Business

Barclays is working on a bonus template

British-based Barclays Capital may be a bellwether for Wall Street’s bonus season.

The bank is ratcheting up stock payments to its execs and axing the amount of cash it pays out in bonuses this year — a move that may influence US-based firms.

Barclays’ employees, which number roughly 9,000 here in the city, are said to be unhappy about the plan, which could leave some seeing just a tenth of their expected bonuses land in their bank accounts next January, after taxes are taken out.

Although decisions have yet to be finalized, sources say that the bank, which bought Lehman Brothers out of bankruptcy, could pay 75 or 80 percent of its compensation in stock and options that vest over periods of as long as five years.

The portions of the bonuses paid in cash can also be clawed back, sources said.
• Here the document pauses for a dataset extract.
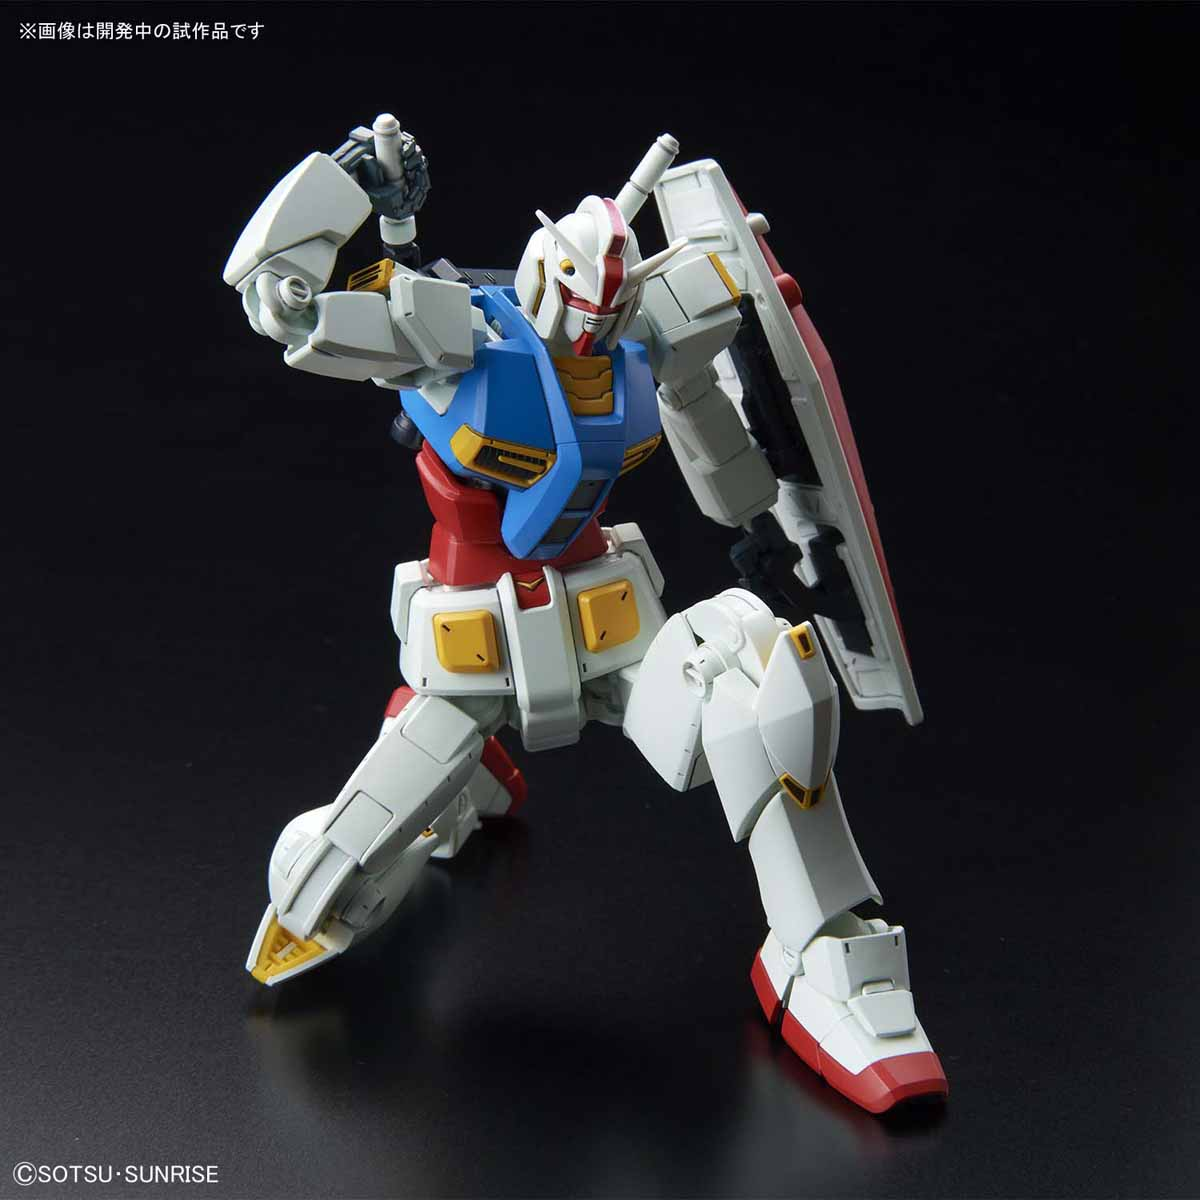 HG 1/144『ガンダムG40(Industrial Design Ver.)』プラモデル-003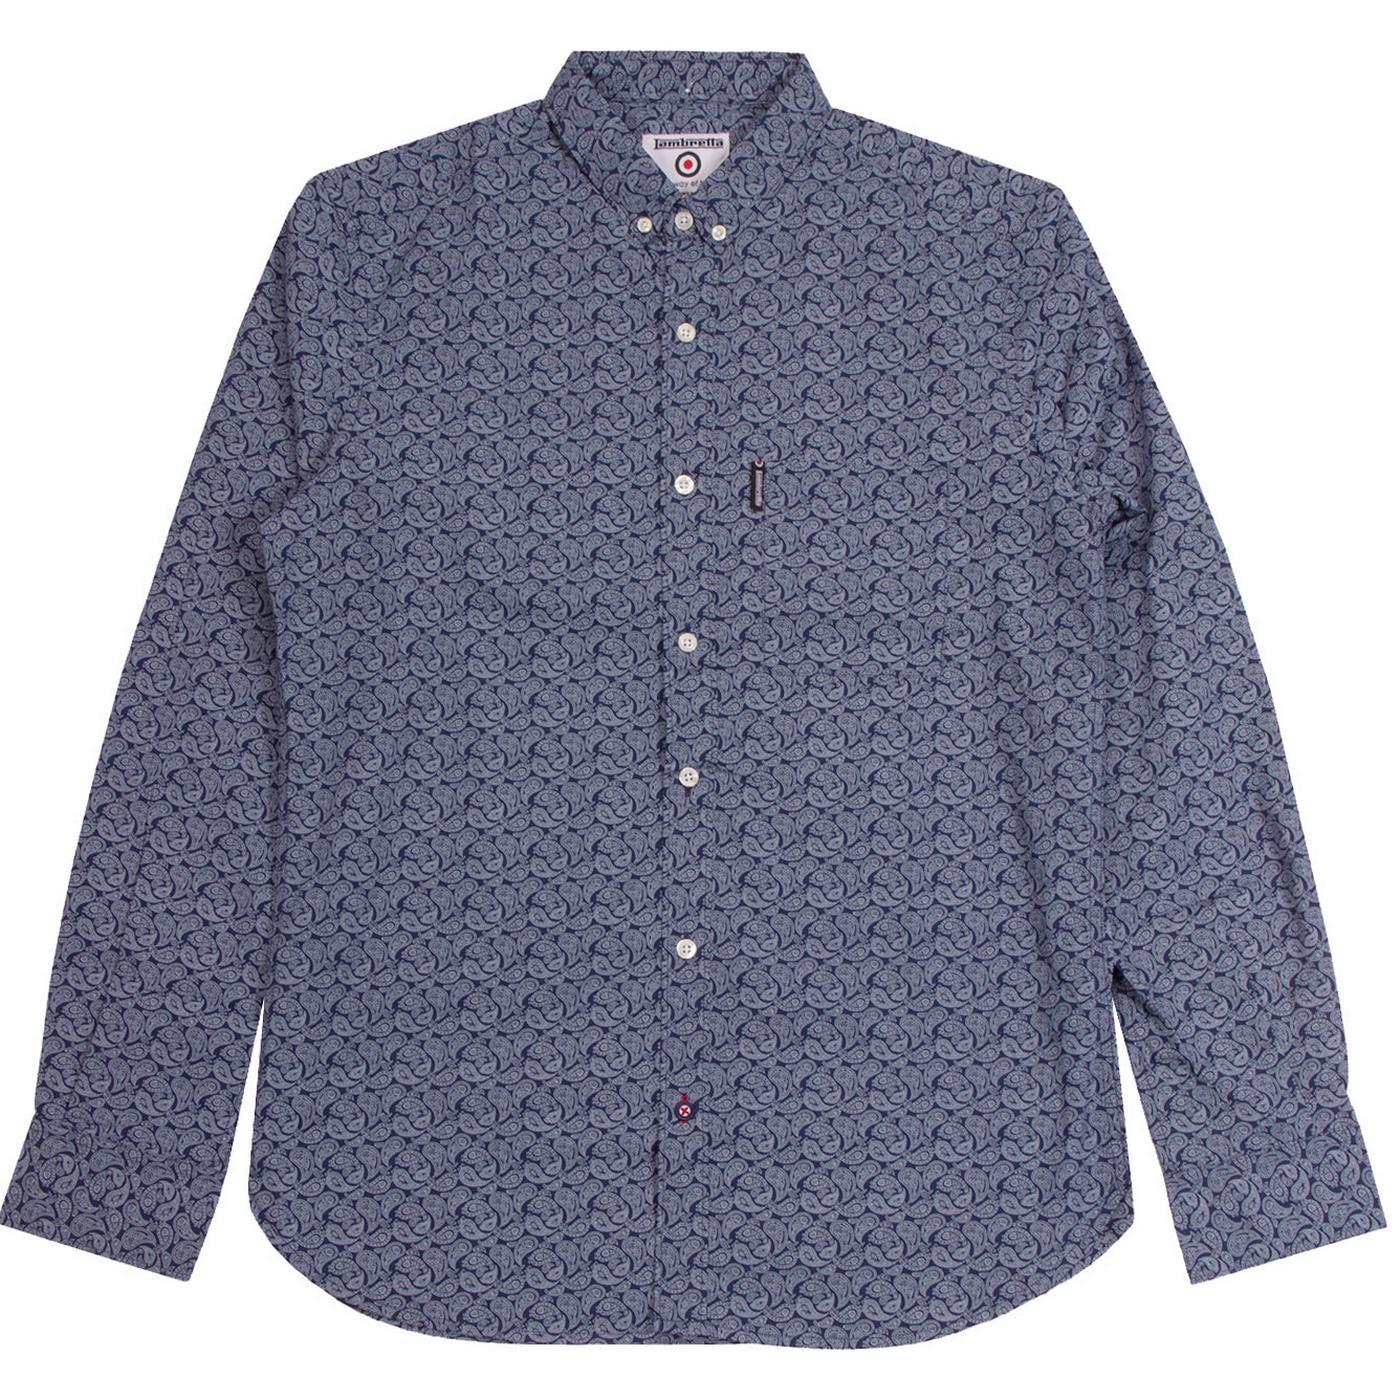 LAMBRETTA All Over Print Sixties Paisley Shirt N/W

Regulation of bank pay in the US and globally has become a hot issue as governments look to dampen big payouts at banks that had been teetering on the edge of collapse last year and accepted taxpayer-assisted rescues.

Many financial firms are now on pace to pay out even fatter bonuses to its bankers and traders.

New York-based Goldman Sachs is expected to pay employees more than $21 billion in bonuses for this year after accepting $10 billion in money from the government’s Troubled Asset Relief Program.

Like Barclay’s, Goldman will likely offer more compensation in stock this year, with its top earners getting paid almost entirely in stock that will take years to vest.

Barclays tighter bonuses come as some of the biggest British banks agreed to curb bonus payments at a meeting last month among the 20 largest industrialized countries.

“The UK’s top five banks have committed to leading the way in implementing reforms to bank remuneration agreed by the G20,” British Finance Minister Alistair Darling said in a joint statement with the banks.

Some banks talked about handing out compensation of 40 to 60 percent in stock and offering no multi-year guarantees.

A Barclays spokesman said no final decisions had been made on bonuses.

“We have stated that we will comply with the G20 guidelines and we will be competitive on compensation,” he said.

Barclays did not accept assistance from the British government.